This repository holds a Python Notebook script, src/main.ipynb
to convert bank statements into CSV files. To generate a CSV file for your statements, simply put your e-bank statements into the statements
directory. You can find example templates of statements that have been used to test these scripts in the assets directory.
All statements that go into the statements
directory must follow the following naming convention:
YYYY-MM.pdf
Once all the script finishes running within a notebook, a statement.csv
file will be generated in the src
directory. Your statement information would also all be saved into a dataframe variable df
, which you can manipulate even after the run.
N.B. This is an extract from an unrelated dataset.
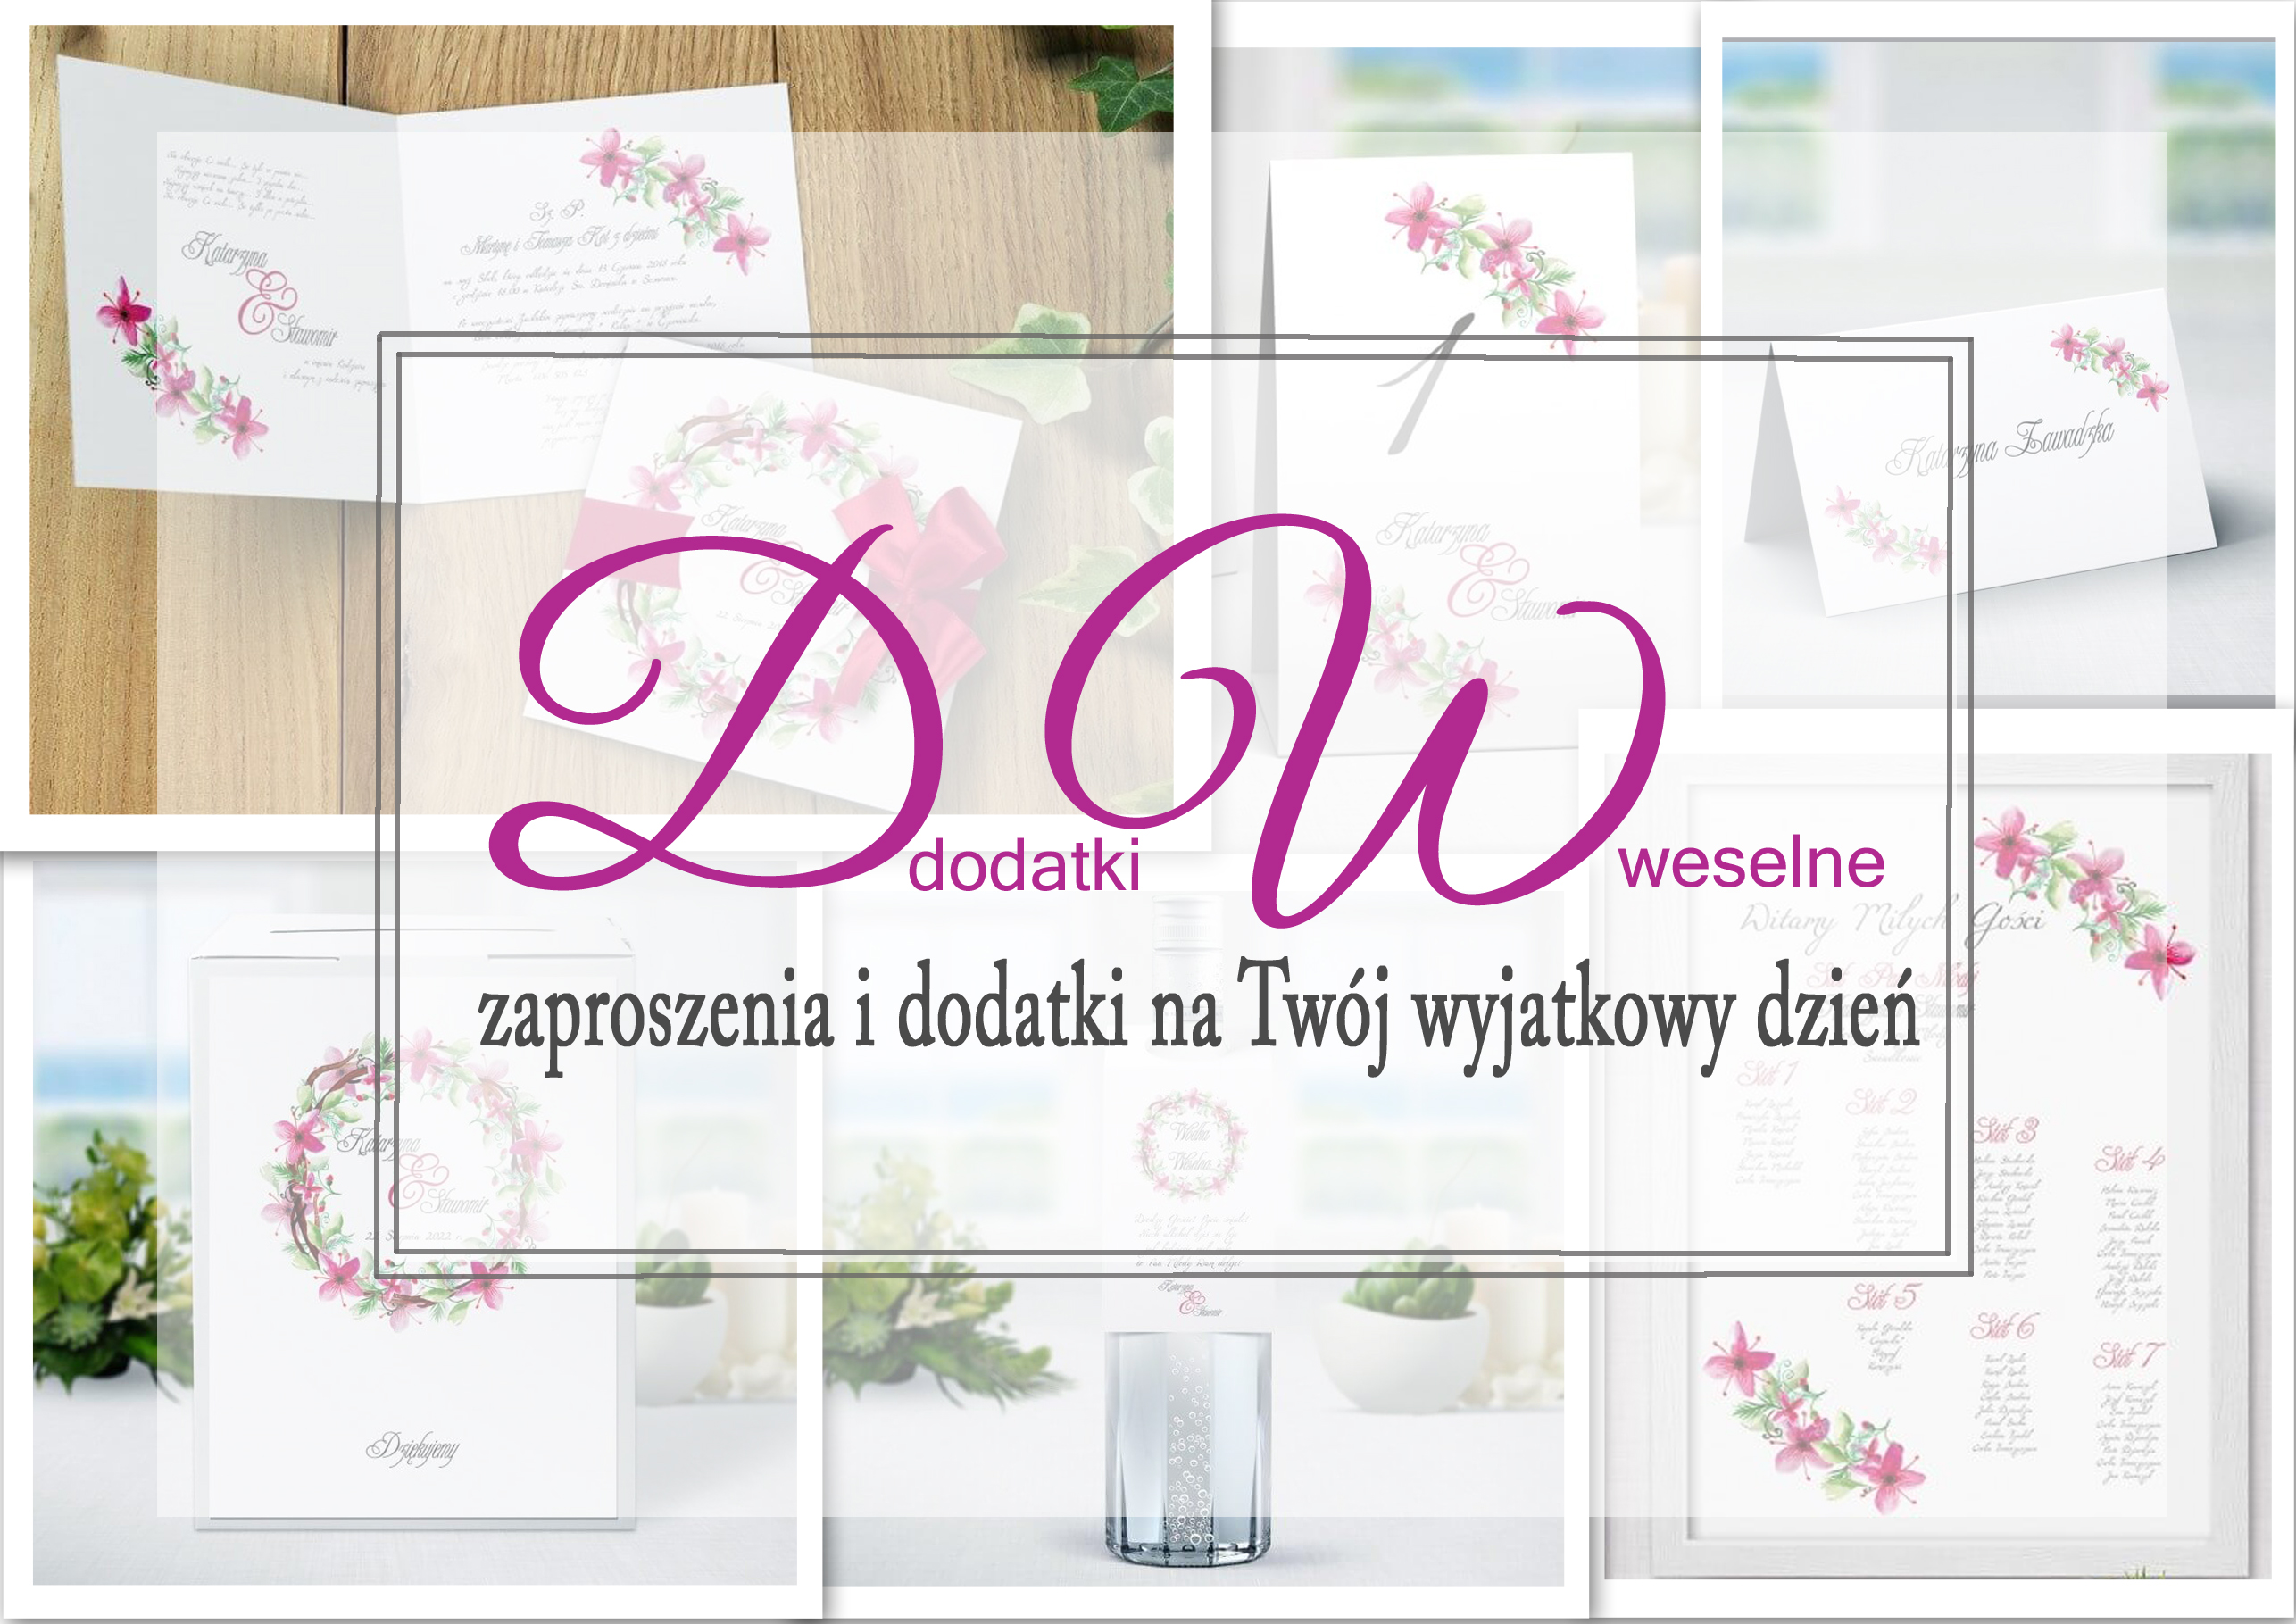 Planujesz ślub? Znajdź inspirację w sklepie DodatkiWeselne.pl!
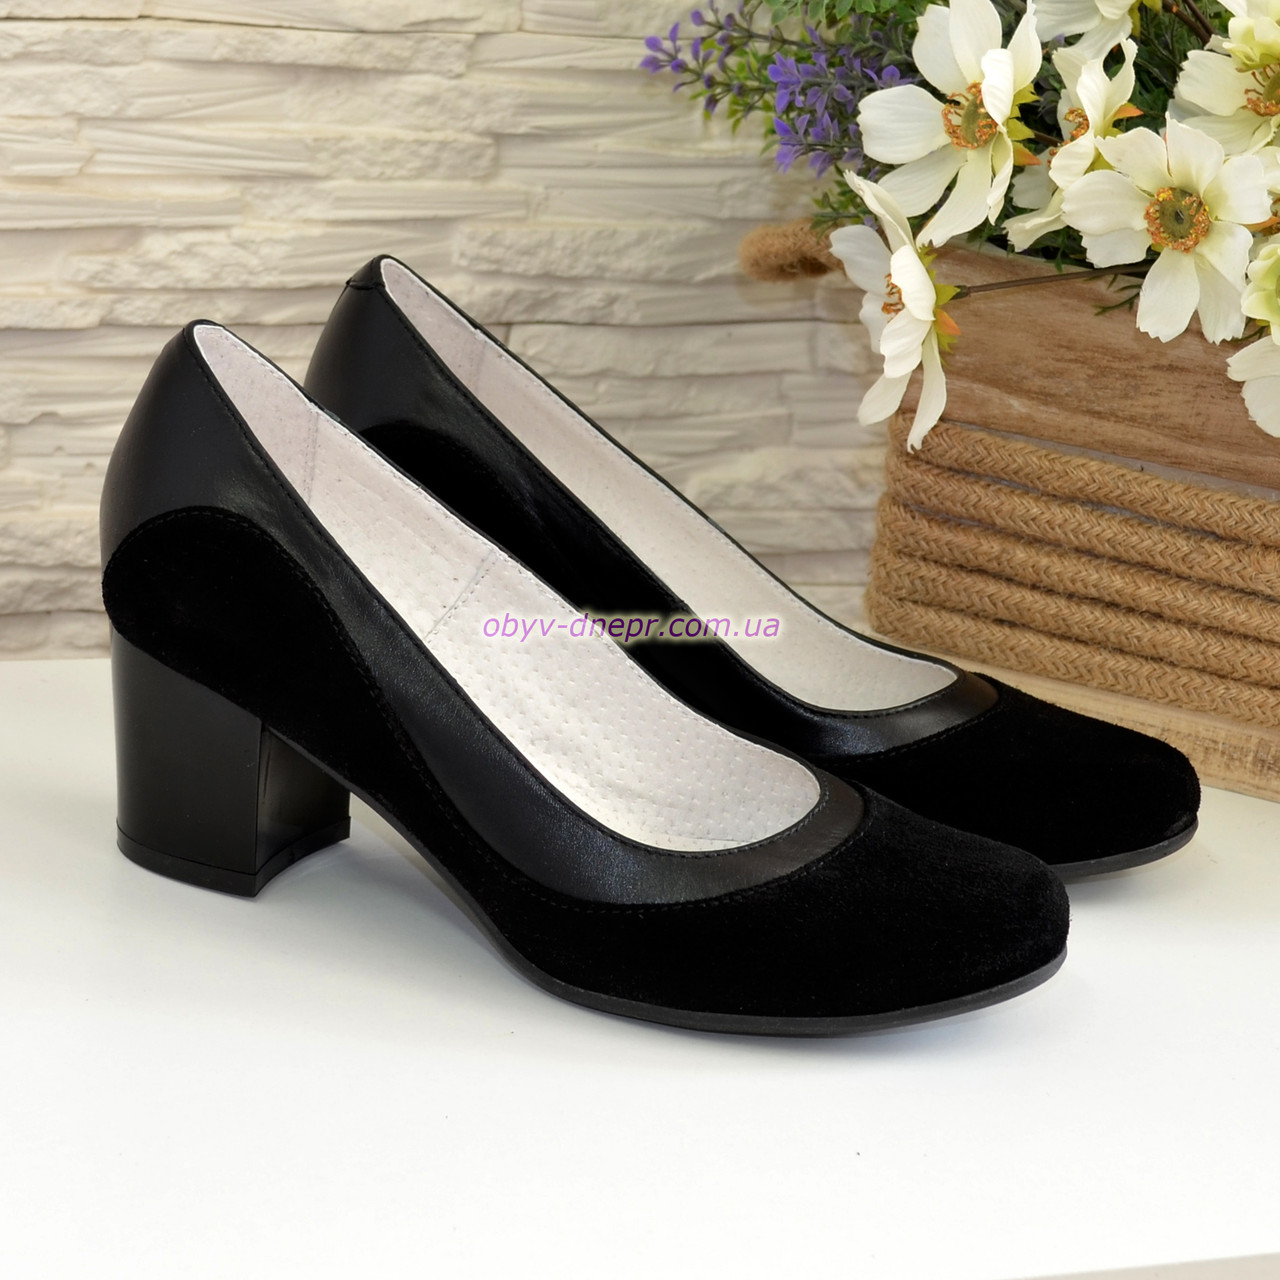 Жіночі класичні туфлі на невисокому стійкому каблуці, натуральні замша та шкіра

Unable to differentiate between withdrawal
Currently, both Deposit and Withdrawal amounts are combined under the same column: Amount
, as there is currently no way for the current algorithm to differentiate between the two. This is due to the extraction process putting the values of a row all into one since the delineator between a deposit and withdraw is always a space, whereas a balance can always be identified as the last number next to another number or when the entry is the C/F BALANCE
.
Furthermore, since multi-day transactions only show the balance at the end of the day instead of it being recalculated after each transaction, simply comparing the final end of day balance to the amount deposited/withdrawn will not work. A more advanced algorithm needs to be created to allow for the calculation of which amounts are supposed to be added/subtracted to get to the final value.
This repository will be open to any contributions that could get these scripts to overcome this limitation.